これがこのままの色合いで焼きあがるとは限らない。そこが絵付けの難しいところで面白いところでもある。
作業が終わってから近くの量販店でプリンターを買ってきてセッティングした。
師匠のPCは家のネットワーク上にはなく,専用の回線を直結しているから,プリンターもUSBで接続する必要がある。
暮れに買ったデジカメはまだ画像をPCに取り込む作業ができないでいる。
プリンターやデジカメの使い方を丁寧に説明するがマウスのタッチが思い通りにできなくなっている。それが精神的にも辛そうだ。
ワードやエクセルのバージョンは10年以上前のもの,フォトショップは15年を超えているが新しいインターフェースに対応できないので変えられない。
師匠はとても不安そうだった。
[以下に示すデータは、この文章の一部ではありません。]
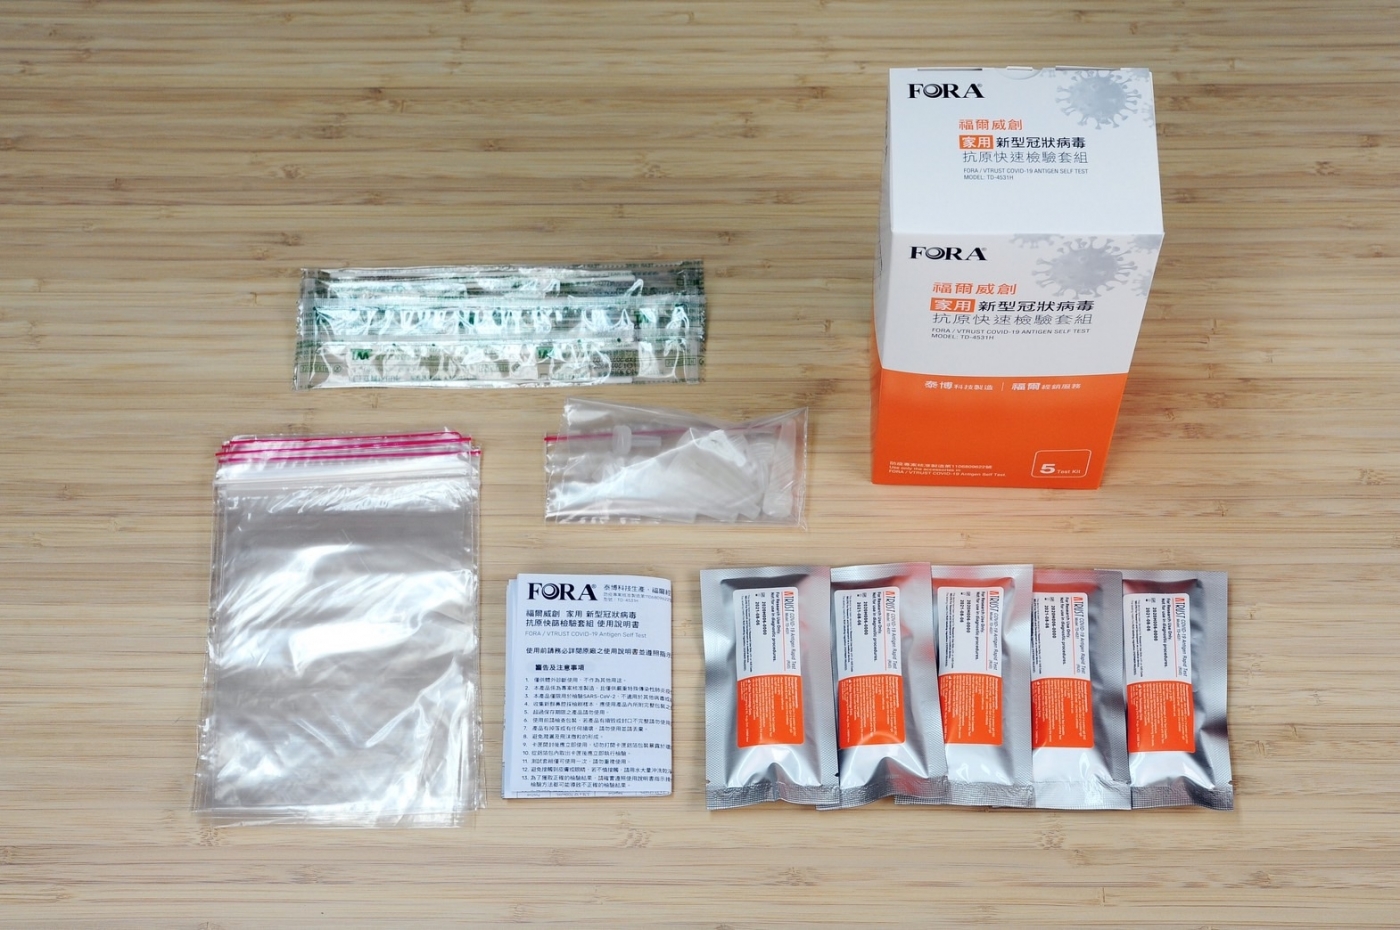 Khi mua bộ kit sàng lọc nhanh COVID-19 tại nhà cần chú ý xác nhận tem nhãn trên bao bì sản phẩm. (Nguồn ảnh: kho ảnh Pixabay)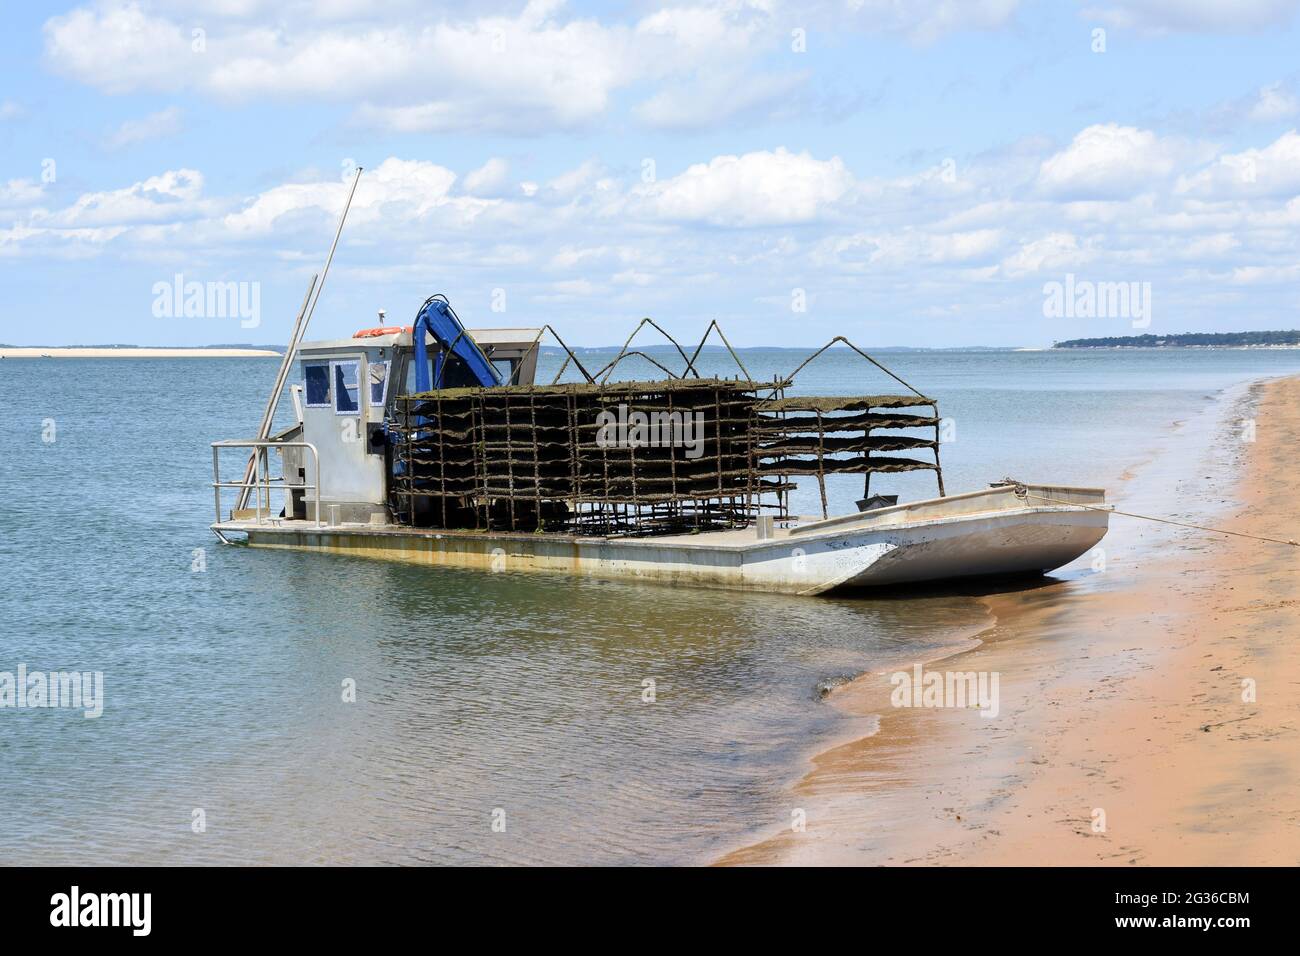 Francia, Aquitania, bassin d'Arcachon, chiatta di ostriche è una barca di alluminio che grazie alla bassa tiratura facilita l'accesso alla fattoria di ostriche secondo le maree. Foto Stock

ボクが東京を去って,もっとも困るのはたぶん師匠だ。
師匠がブログを続ける限り,たぶんボクは定期的に東京に来なくてはならない。
帰り際,部屋のゴミ箱にゴルフのアイアンが1本差さっているのを見つけた。
「師匠,これ何するんですか。」
「泥棒が来たらこれで戦うんだよ。1階で食い止めて,家内のいるところには行かせない。」
今の師匠のデジタル的不自由はそのまま20年後のボクの姿である。ボクも今のうちにボクを見つけておかなければならない。